15. I wasn’t robbed at gunpoint or anything but one time someone hacked my debit card, which can be just as scary really if you think about it. Like, the NERVE! Luckily, thanks to my dad’s super secure bank, I was able to be like AS IF credit card frauds and totally get my money back! Crisis averted.
16. For better or for worse, I love crop tops.
17. I never argued or pleaded for better grades in high school… BUT I did enter a plead bargain to graduate and receive my college degree, which is kind of like a huge deal. I was failing Comm Law for like the second time, and so, I had to go in the day before graduation and beg my teacher to bump up the grade on a late paper so I could graduate. In my defense, you had to have like a C or above to get credit for the class! And I’d tried super hard but I can’t help it if media laws just aren’t my thing?! You know?! Luckily, she totally took pity on me, and let me pass so I could start at my new job the following Monday.

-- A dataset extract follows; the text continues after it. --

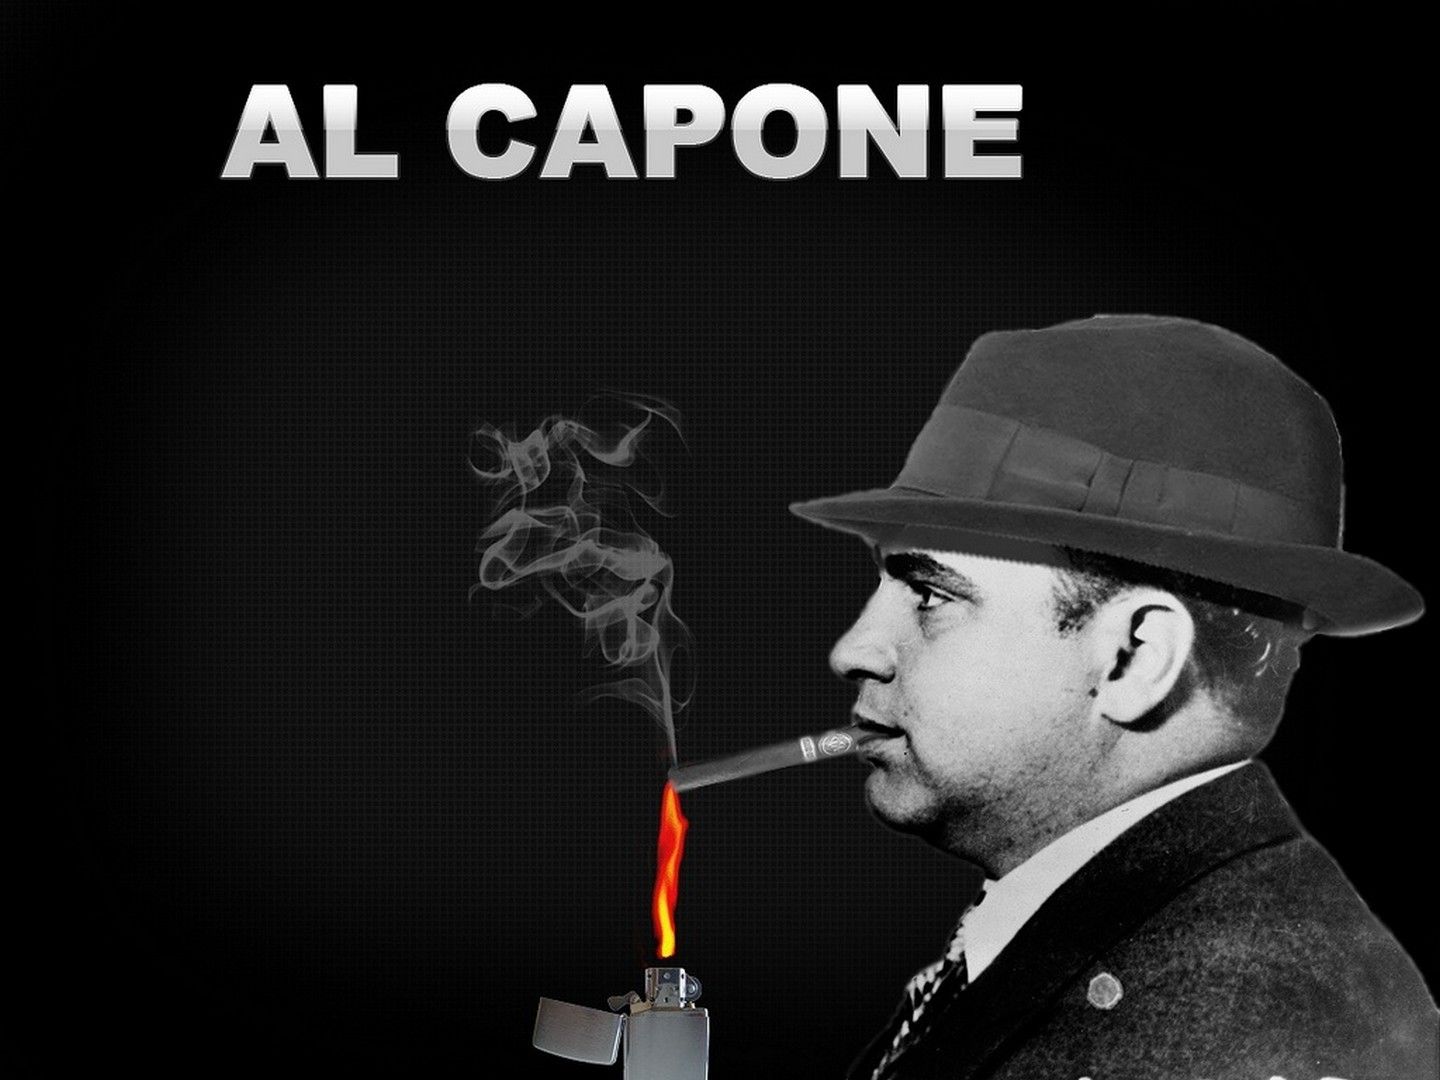 al capone wallpaper,smoking,smoke,font,photo caption,photography

18. I am like a totalmatchmaker… In fact, one of my very best friends from college is now engaged to the absolute best guy because I pushed her (on purpose, duh) into him at a bar. He offered to buy her a drink and the rest is total, romcom-worthy history!
19. I had a dress copycat incident, too… but at prom. I just really can’t even talk about it, still, years later…
20. Finally, in case you can’t tell by reading through this list of ridiculous and totally silly reasons: I’m still a little bit Clueless. (But aren’t we all!?)